Layoffs are likely coming to the Santa Barbara Unified School District‘s Food Services program unless the Board of Education can intervene Tuesday night.

Superintendent Cary Matsuoka, who is leaving the district June 30, has recommended laying off 21 employees in the department and says the department is overstaffed. The layoffs would save the district $1.26 million, he said. 

At the same time, he wants to add six food service manager positions because he said that only one person previously supervised a staff of 123 and there needs to be a more even distribution of personnel resources. 

“We have two interrelated problems: the need to reduce staffing and to create an appropriate management structure to supervise and evaluate our food service staff,” Matsuoka said in a staff report for Tuesday night’s meeting. 

The district has a solid reputation for providing quality meals made from scratch to students, but over time, labor costs have grown too large for the district to handle, according to his report.

The district plans to ground six of its mobile food trucks and the staff members that come with them. Matsuoka said the district was leasing the trucks twenty-four hours a day, but only using them three.
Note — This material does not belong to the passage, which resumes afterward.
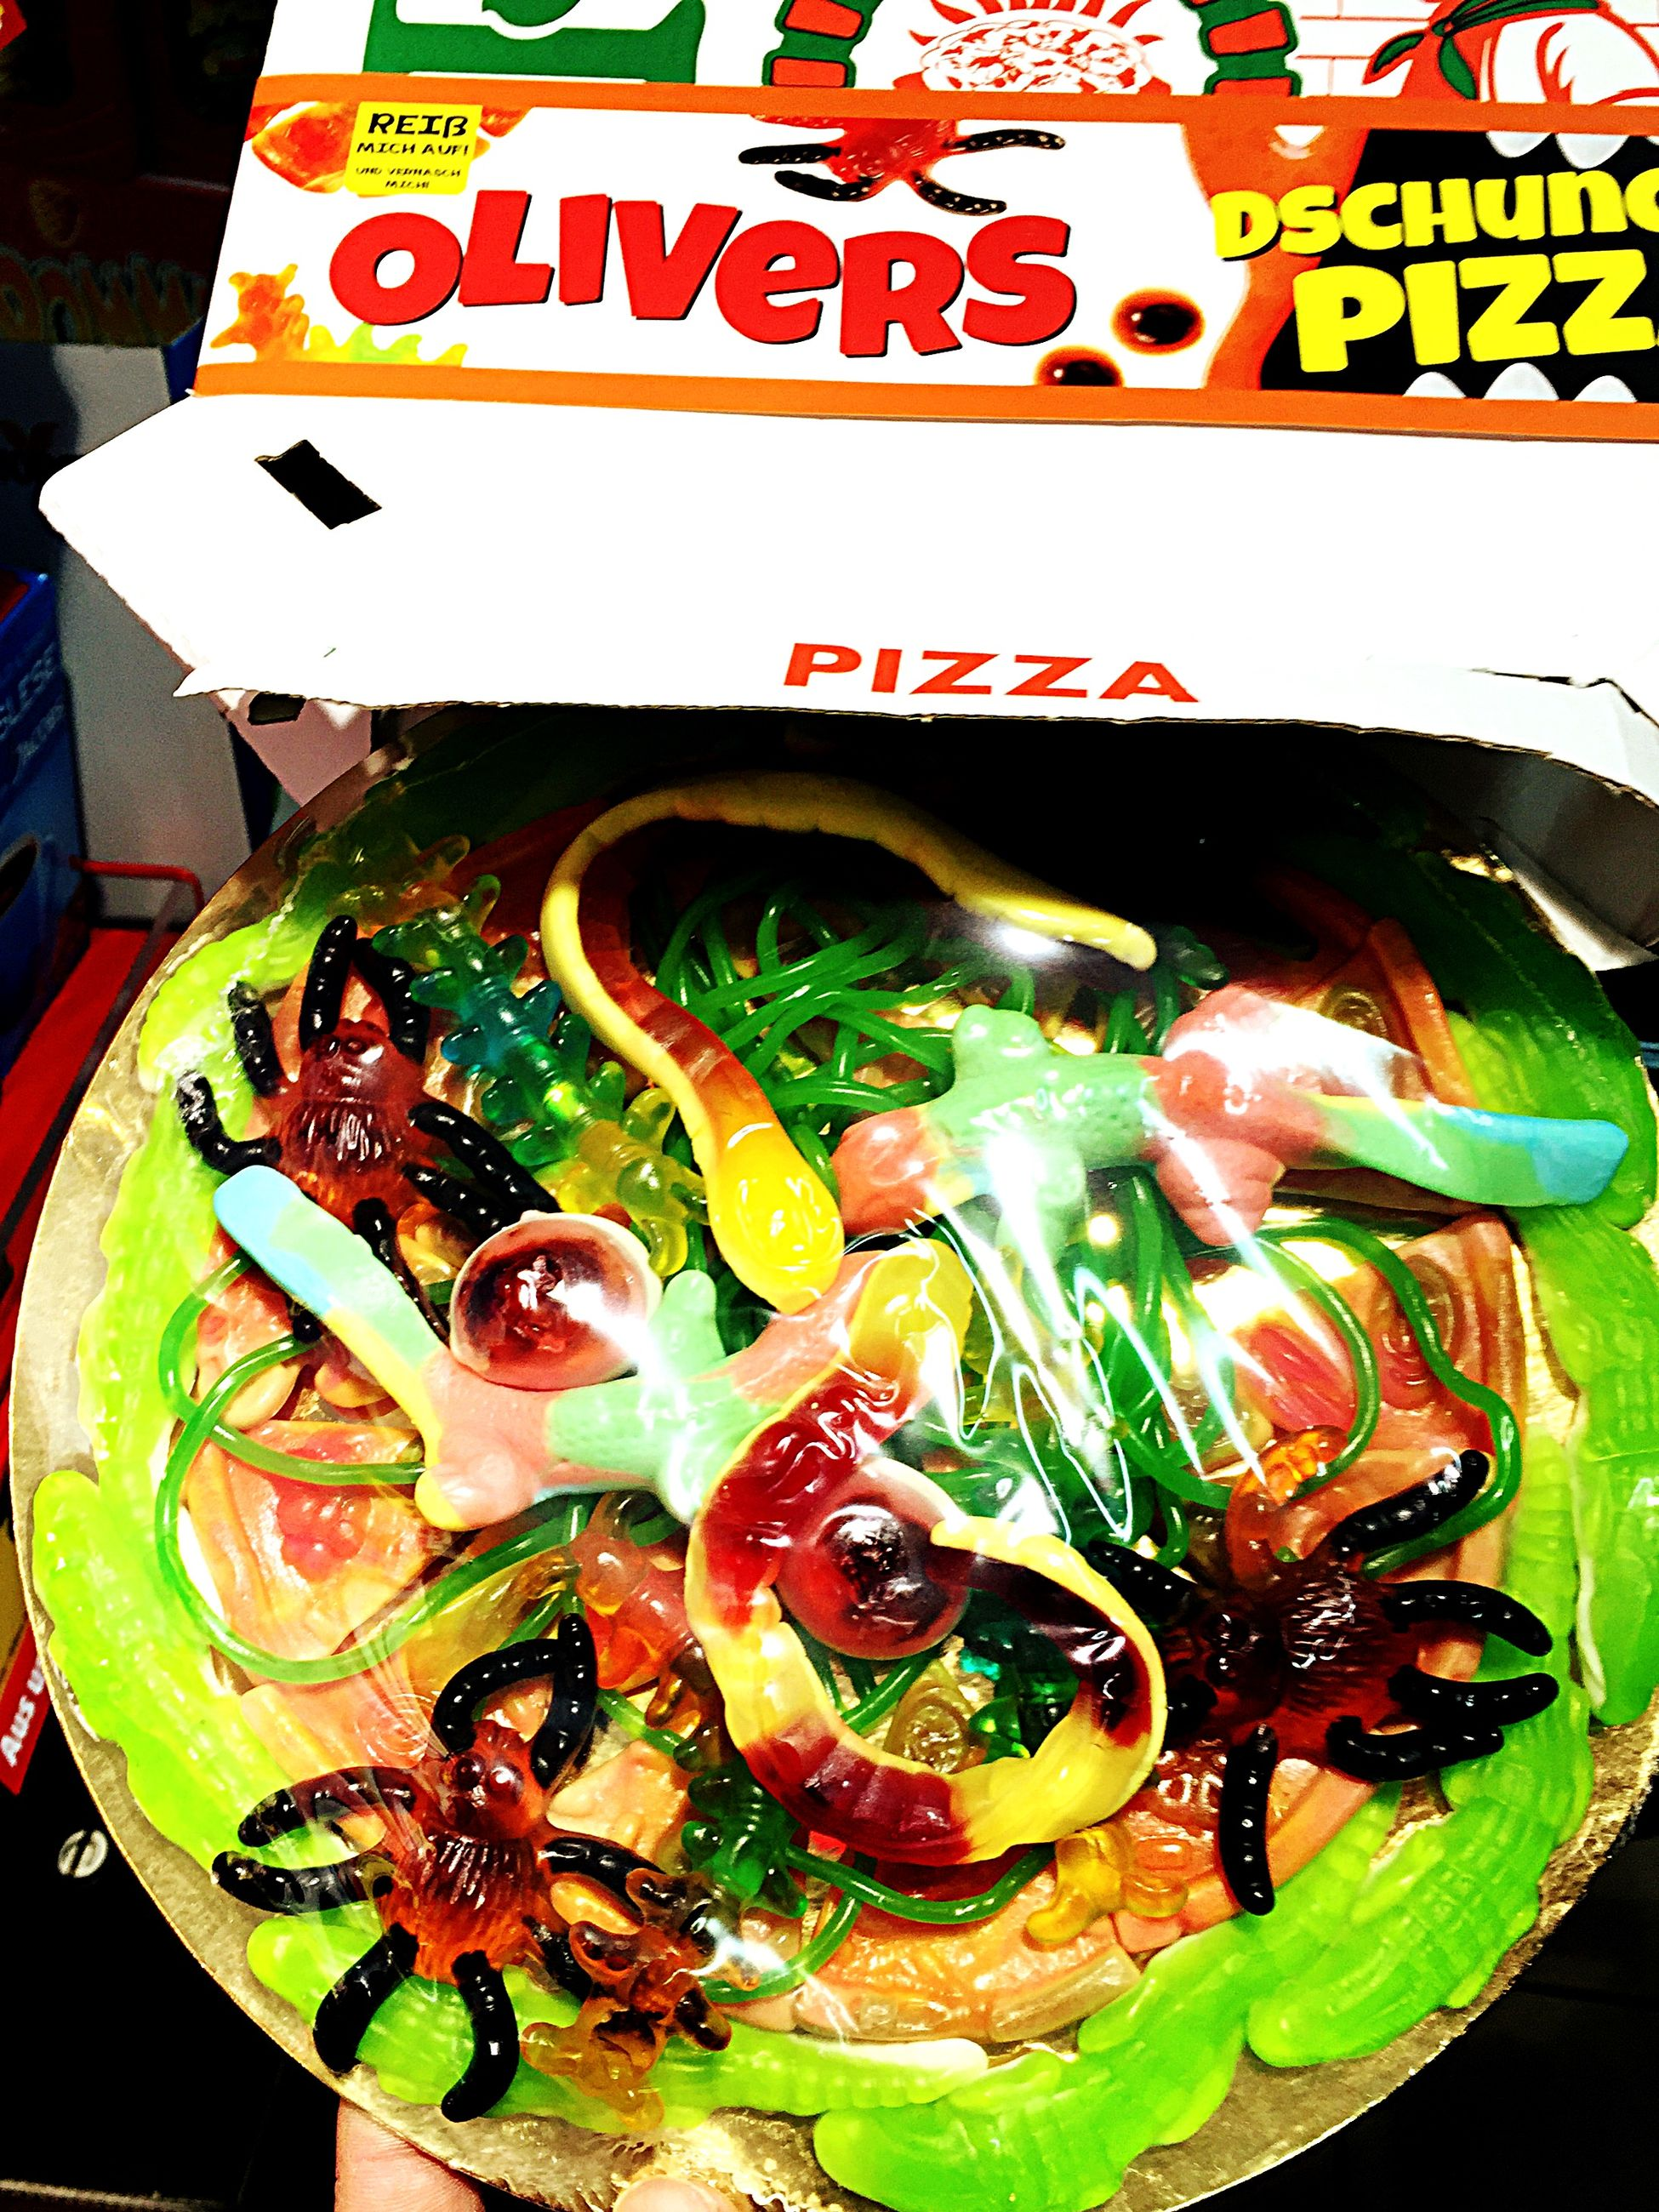 Pizza Dschungelprüfung Konstanz

“The trucks were unreliable, breaking down, leading to frequent repairs by the leasing company. We have stopped the lease on six mobile cafes, which will save $165,000 annually,” Matsuoka said. “The personnel to run those mobile cafes are still part of our labor costs.”
 
It also plans to halt free breakfast at six schools that were not considered full “provision 2” schools. A provision 2 school is one where the count of free and reduced meal students is sufficient that the school can offer a free breakfast for every student. 

The affected schools are Washington Elementary School, Goleta Valley and La Colina junior highs, and Dos Pueblos, San Marcos and Santa Barbara high schools. The change will save about $840,000 annually.
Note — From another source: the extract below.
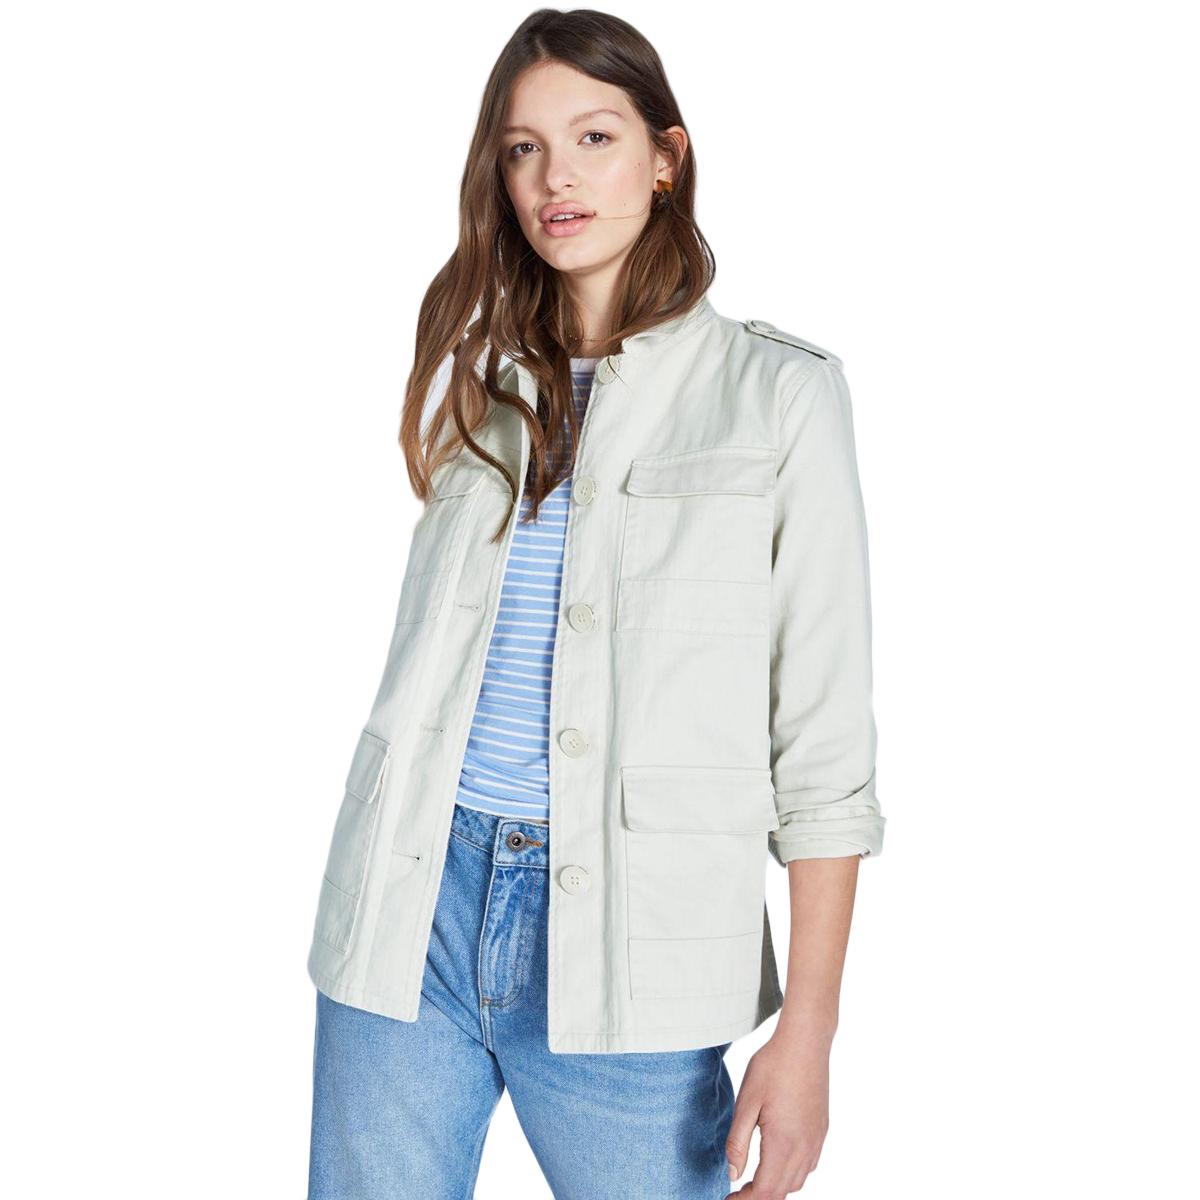 Jack Wills Women's Garrowby Utility Jacket - White, 10

Board President Laura Capps expressed frustration at the most recent school board meeting because she said it was the wrong time to lay off personnel. Layoffs should be a last resort, she told Noozhawk on Monday, particularly because new jobs will be nearly impossible to get right now because of the pandemic.

“Across this country and here in our community, food insecurity has skyrocketed since the pandemic struck,” Capps said. “Now is the time to creatively marshall every resource to keep our students from experiencing hunger. Now is not the time to lay off the school employees who prepare nutritious meals and get them into the homes of the families who need them.”

Paul Rooney, president of the Santa Barbara Unified School District’s classified employees association, said more than 780 people have signed a petition to block the layoffs. The school board has the signatures and a letter that Rooney sent in opposition.

“From the onset of the investigation and reassessment that started last year we were informed by the SBUSD administration that our input would be important in the process,” Rooney said in a letter. “Our team was led to believe by Meg Jette, John Becchio, and Brian Tanguay in a meeting on Jan. 16, 2020, that ‘the union would have input.’

“I also had a couple of short conversations with Meg Jette face to face and was assured by her of the union’s inclusion in the process. Obviously this didn’t happen and here we are today, in muddy waters, caused by the district’s lack of follow through with our classified union.”

The board meets at 6:30 p.m. Tuesday in a virtual setting.